In deze zaak heeft de Centrale Raad van Beroep op 15 april 2015 uitspraak gedaan in hoger beroep over de herziening van de ingangsdatum van een WW-uitkering. Appellant, die in 2003 een WW-uitkering ontving, verzocht in 2012 om de ingangsdatum van zijn uitkering te wijzigen naar 1 januari 2003. Dit verzoek werd afgewezen door het Uitvoeringsinstituut werknemersverzekeringen (Uwv) omdat appellant geen nieuwe feiten of veranderde omstandigheden had aangevoerd die een herziening rechtvaardigden. De rechtbank Den Haag had eerder het beroep van appellant tegen deze afwijzing ongegrond verklaard.

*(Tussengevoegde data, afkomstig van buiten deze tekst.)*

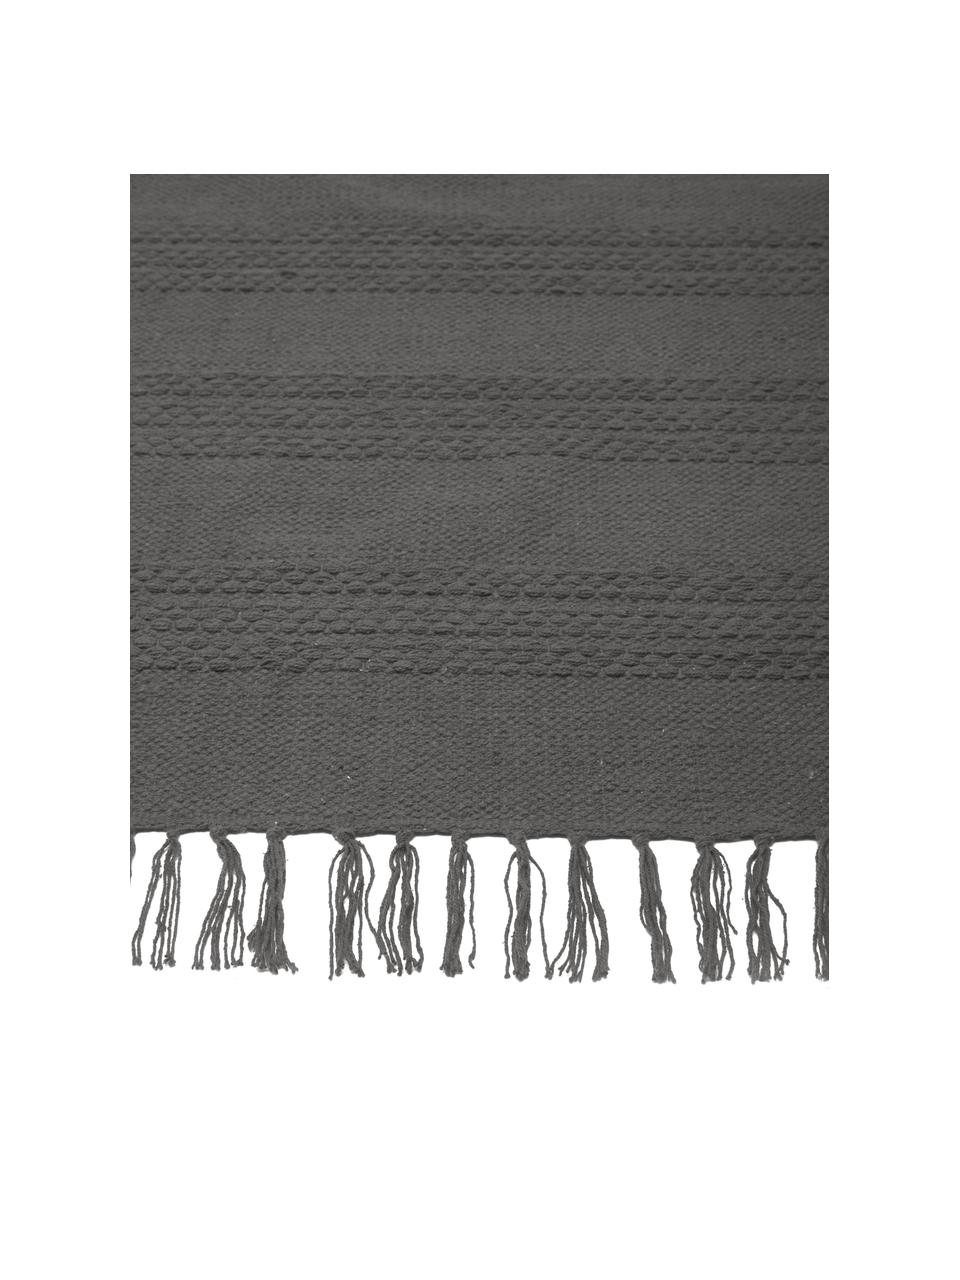 Katoenen vloerkleed Tanya met ton-sur-ton weefpatroon en franjes, 100% katoen, Donkergrijs, 200 x 300 cm

De Raad overwoog dat het verzoek van appellant om herziening van de aanspraak op de WW-uitkering betrekking had op een periode in het verleden en dat op dergelijke verzoeken artikel 4:6 van de Algemene wet bestuursrecht van toepassing is. Dit houdt in dat de aanvrager nieuw gebleken feiten of veranderde omstandigheden moet aanvoeren. De Raad concludeerde dat appellant geen nieuwe feiten had gepresenteerd die niet al bekend waren vóór het besluit van 26 mei 2003. Het standpunt van appellant dat de betalingen die hij ontving in de periode van 1 januari 2003 tot 1 april 2003 als schadeloosstelling moeten worden aangemerkt, werd niet ondersteund door nieuwe feiten.
De Centrale Raad van Beroep bevestigde de uitspraak van de rechtbank en oordeelde dat het Uwv het verzoek van appellant terecht had afgewezen. De beslissing werd openbaar uitgesproken en de uitspraak werd gedaan door rechter C.C.W. Lange, in tegenwoordigheid van griffier V. van Rij.